Student: I dont know. Are you gonna be here next year Ms. Alfano?
Me: I'm moving to Birmingham. You know I go up there alot.
Student: Oh no, then I'm DEFINITELY not coming to school here next year.
(my heart melts)
Me: I won't be your teacher next year anyways.
Student: I know, but I would come visit you all the time.
(my heart melts again)
I have been dreading my students asking me this question. A few asked a couple of weeks ago and I avoided the question, pretending I didn't hear them. I will probably be answering lots of questions tomorrow considering news goes around those children faster than anything I've ever seen.
I have come so far with most of my students (especially in my homeroom) and I must admit that I have been getting sad to leave them. Its so odd to think I won't ever see them again. And I desperately need to know that they are going to be okay.
Last year, I didn't know I was leaving until 2 days before school got out and it was such a whirlwind after that, I never really had these feelings. I thought it was weird that I was getting a new class, but I was such a wreck those last 2 days, it never really sunk in that I would never see them again.
This year is also different because I worry about them more.

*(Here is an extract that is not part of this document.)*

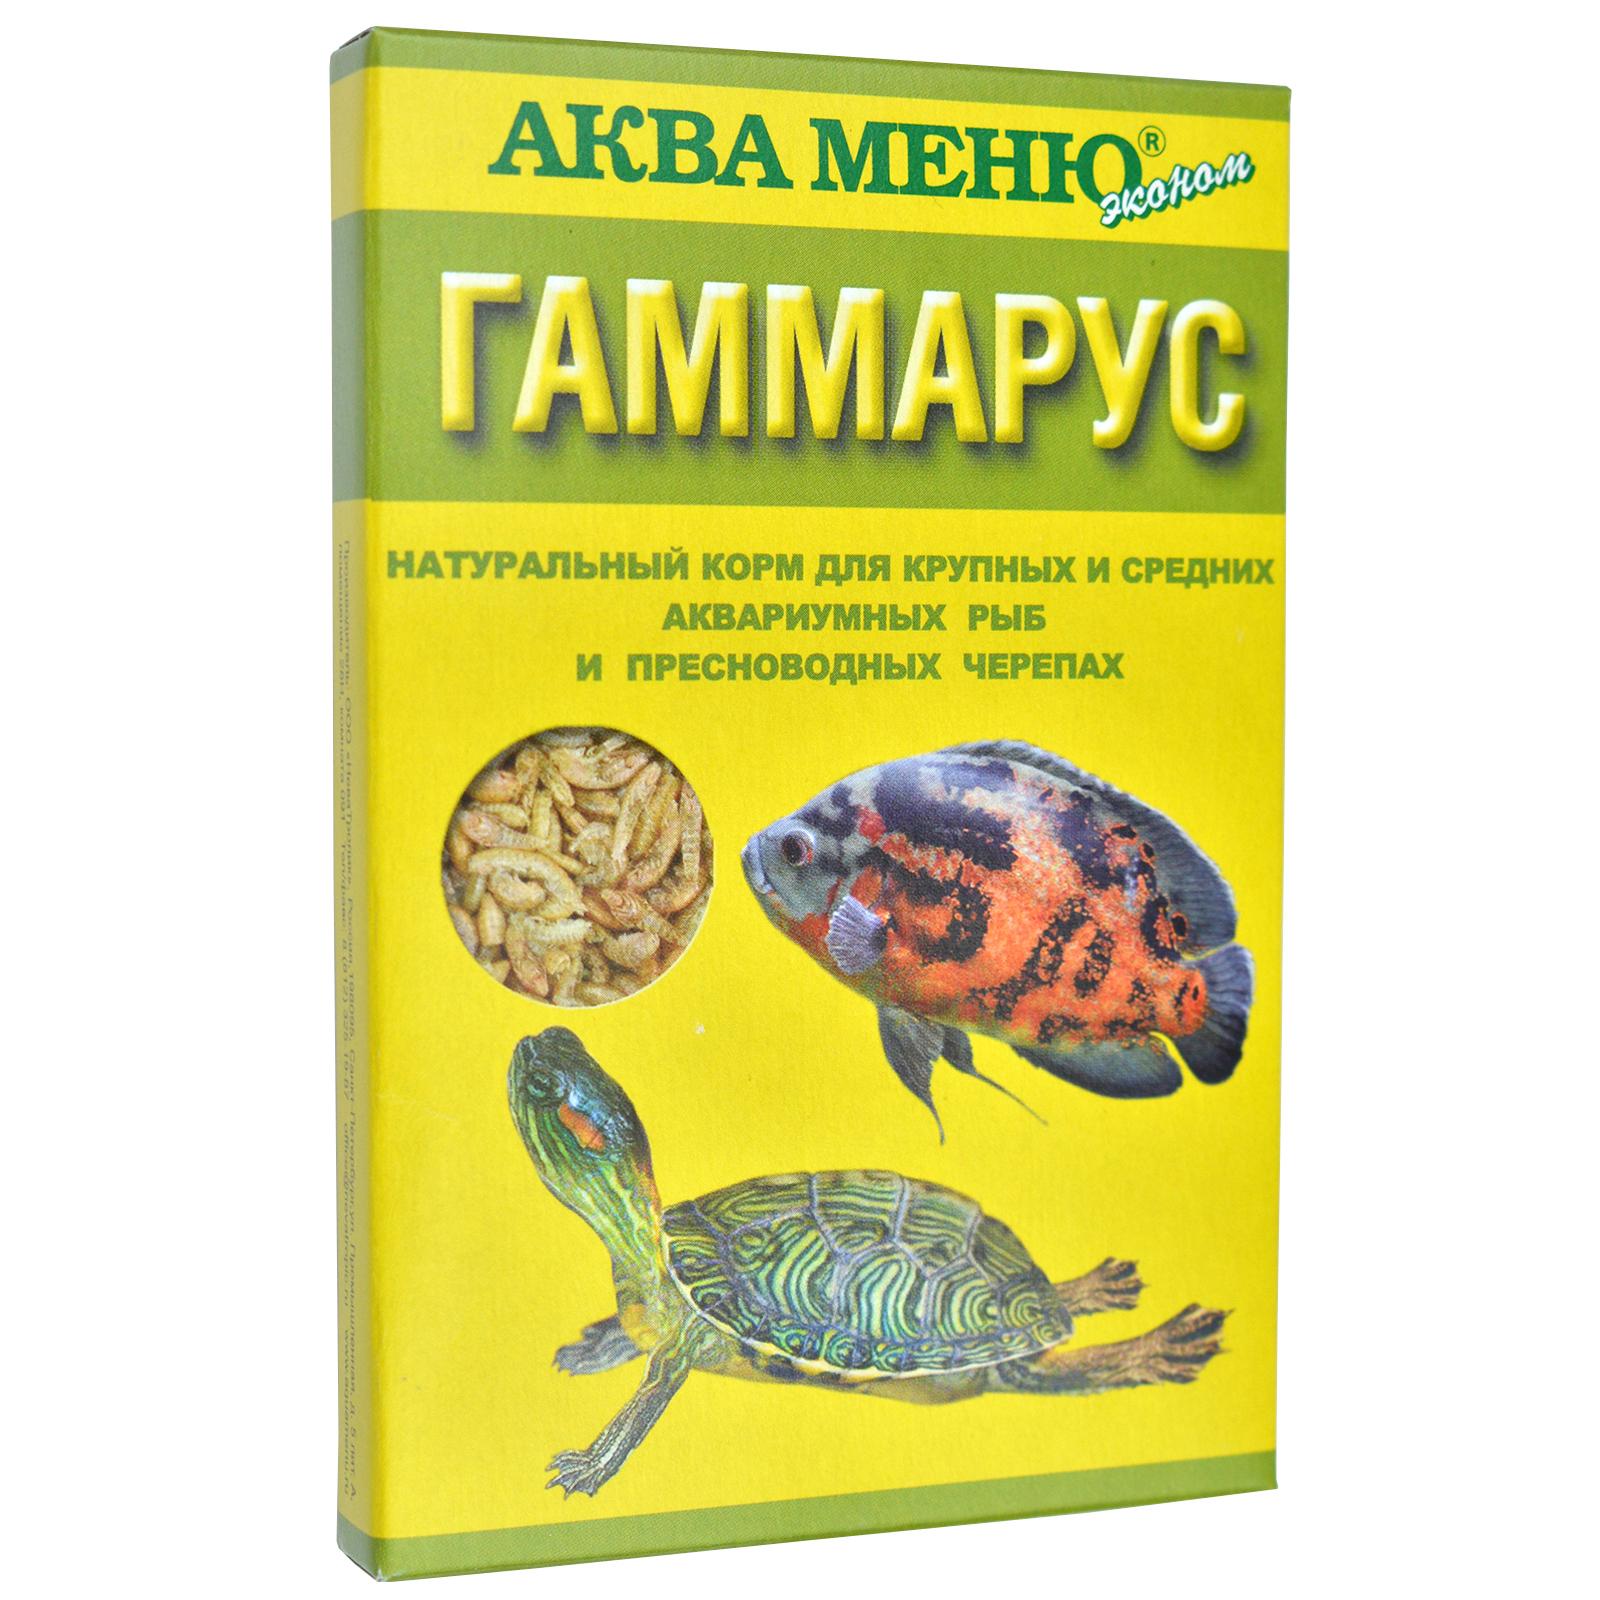 ГАММАРУС - натуральный корм для крупных и средних аквариумных рыб и пресноводных черепах   11 грамм, 11200100959

Most come from rough backgrounds and I worry about them. Worry what they see, do, hear, experience, etc.
This time every year, EVERY teacher is so ready for summer, as am I. I have had a countdown for some time now. However, knowing I'm leaving this year, I've had a weird feeling lately. I want it to be summer and I am so ready for this next phase in my life, yet I have started to get sad about leaving. I love the people I work with and I have grown to love these children. They test me EVERY SINGLE SECOND of every single day, but its worth it when a child who you
never thought would open up to you, tells you they love you all the time.
I know I will move on and worry about them less as the next phase in my life starts, but for now, I'm enjoying my last days with these children who have taught me more about life & teaching than I could have EVER imagined. This was by far the hardest year of my life, but somehow has had the best rewards in the end.